The long-term effects of the tax cut will be the various damages from the growing deficit. So the short-term effects better be damn good. Judging from the stock market, it’s a resounding flop.
@Just nutha ignint cracker:
Kennedy proved that yes, supply side tax cuts can work. But only Democrats know how. (Or know how to recognize the right conditions.)
Kennedy was quite right to recognize, as you note, that high rates could reduce revenue, long before Laffer. Actually, the Econ profession knew this, and knew the magic number was around 70%, a fact that still eludes Laffer and the Republicans.
Where Kennedy erred was in believing maximum revenue should be the goal. The goal is really to reduce the number and wealth of billionaire political ratfwckers. Howard Shultz clearly has more money than is good for the country. And the Kochs, Adelson, Friess….
I retired this year, relatively young (my early 50s) for just this reason – we have enough, there’s no point to more.

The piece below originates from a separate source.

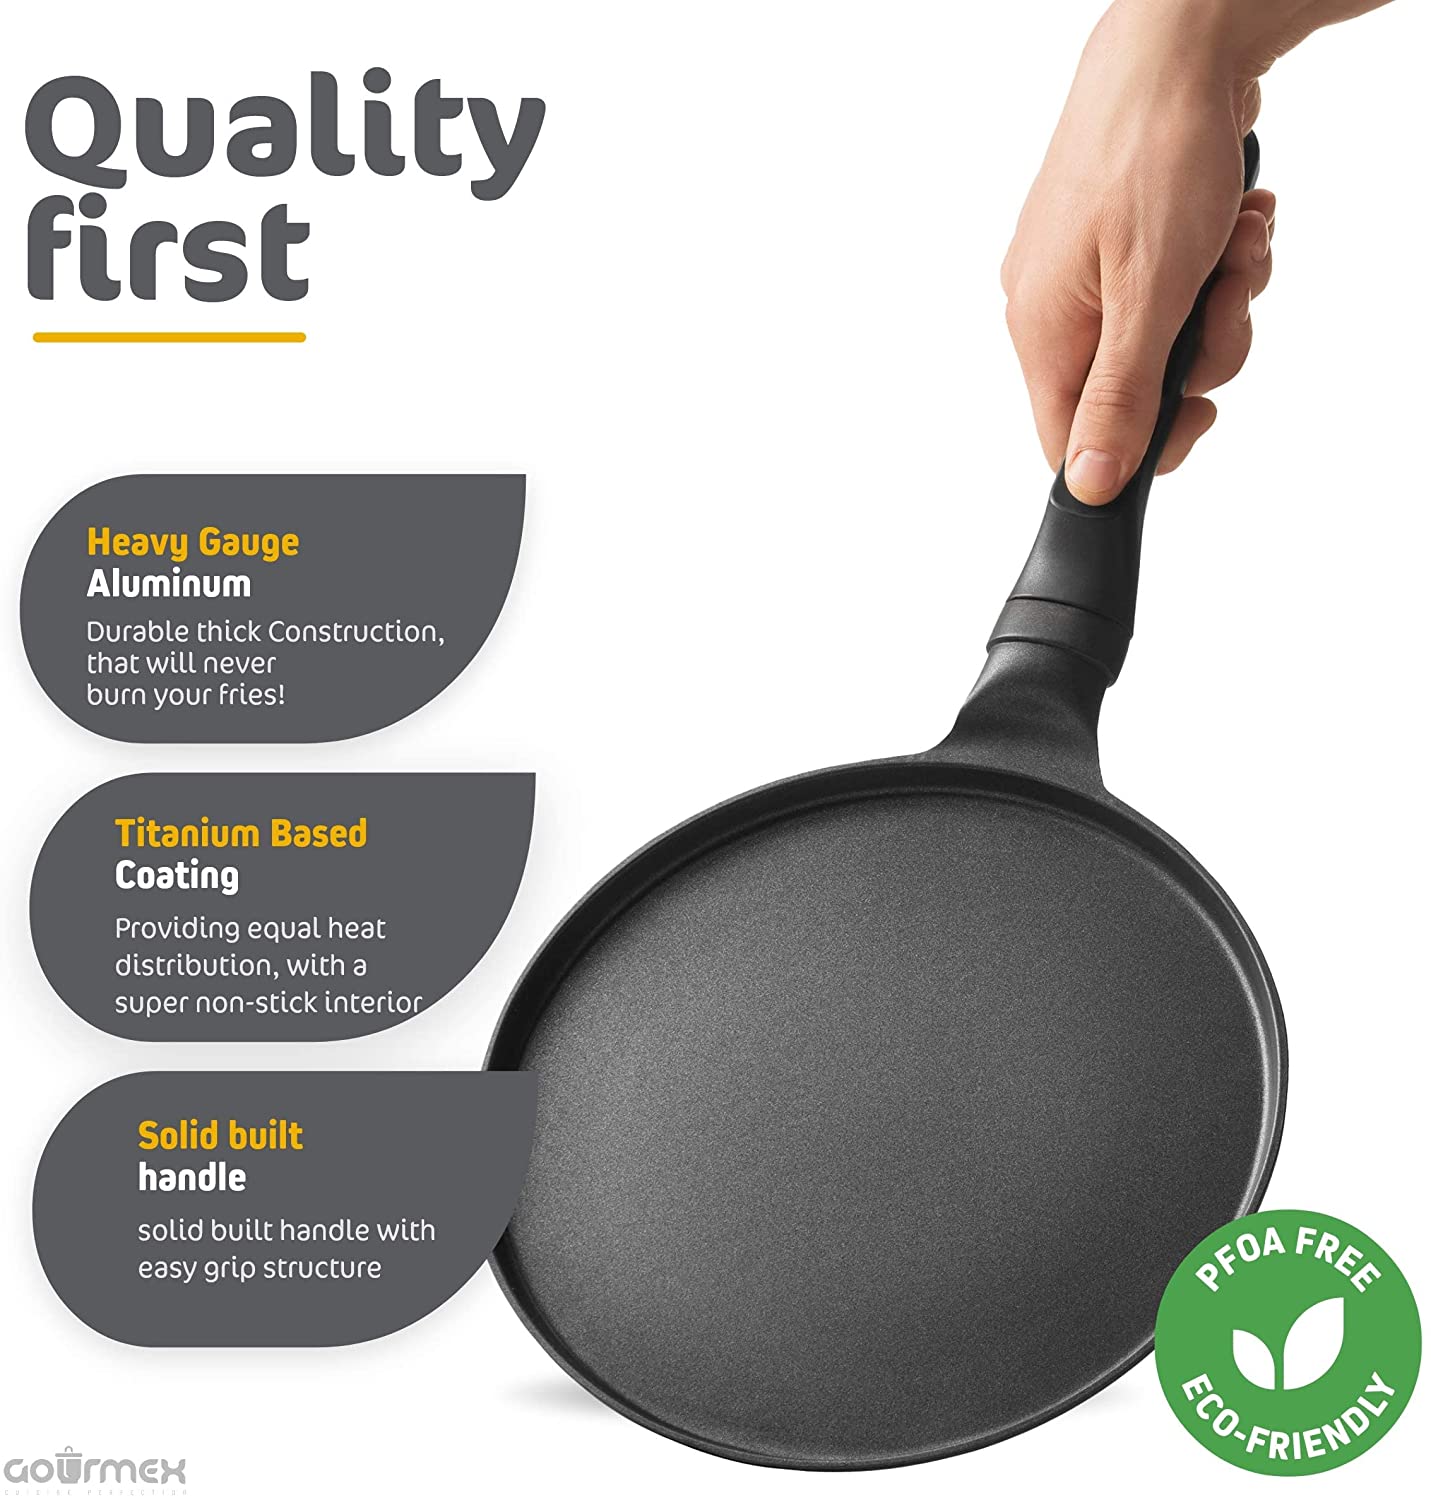 GOURMEX 22cm Black Induction Crepe Pan, with PFOA Free Nonstick Coating

I think many wealthy people lose sight of the entire point of the money.
If you have accumulated enough for a few lifetimes, maybe stop doing that now and figure out other aspects of life?
Surprise surprise surprise!
I employ no one. My wife has a company she pays to handle fan mail, but otherwise, no. We have no Downton Abbey envy, we don’t want servants.
Then there’s no point to further grilling.
Yes, but that’s only part of it. I mean, people like Bill Gates kind of have done that.
Good point. I hadn’t thought from that side of the question.
I agree, but many economists would probably say that as goals go, that one is pretty subjective.